U.S. Crude Oil Flowing Strong

Crude oil trading concept with black crude oil barrels and oil pump during sunset.

The U.S. Energy Information Administration (EIA) recently unveiled a report showing that during the first six months of 2018, the United States exported 7.3 million barrels per day of crude oil and petroleum products, setting monthly highs along the way. Crude oil also surpassed hydrocarbon gas liquids (HGLs) to become the largest U.S. petroleum export product, with 1.8 million b/d of exports during the same period.

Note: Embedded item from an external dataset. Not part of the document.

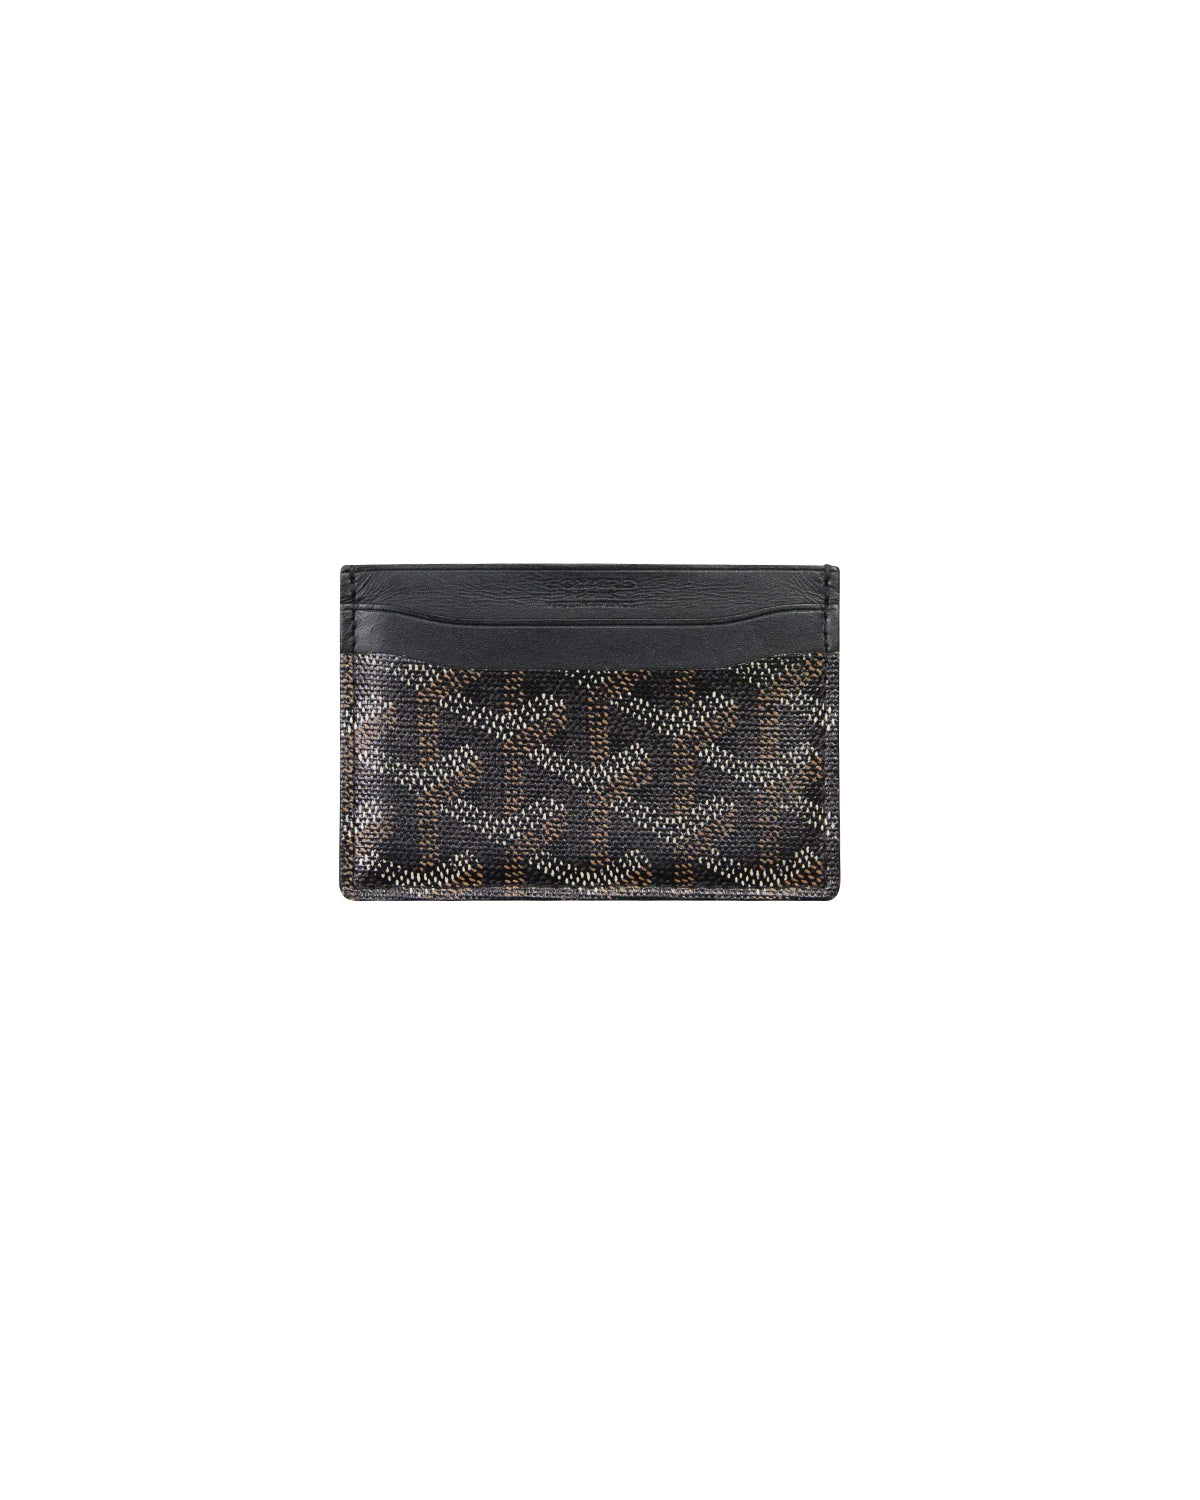 SAINT SULPICE CARD HOLDER Black [Goyard2106243] - $999.00 : Goyard Bags

U.S. crude oil exports were up by 787,000 b/d (nearly 80 percent) from the first half of last year to the first half of 2018. These exports set a new monthly benchmark of 2.2 million b/d in June. Customers throughout Asia and Oceania were the largest recipients, with exports to China more than doubling.

Europe continues to be the second-largest recipient of U.S. crude oil exports, receiving 555,000 b/d. Export volumes are more equally distributed, with Italy, the UK, and the Netherlands each receiving more than 120,000 b/d. Canada was the only major export destination experiencing a decrease, with export volume down 13,000 b/d.

During the first half of 2018, the United States also exported 913,000 b/d of gasoline, an increase of 144,000 b/d from 2017. Mexico accounts for more than half of this total and continues to be the largest single-destination concentration for any U.S. petroleum export.

Continued underinvestment in Mexico’s refineries and an odd discrepancy between the type of crude oil available locally and the kind of oil which Mexico’s refineries were designed to process has led to low utilization rates. U.S. gasoline exports to Mexico accounted for more than 60 percent of the gasoline consumed in the country.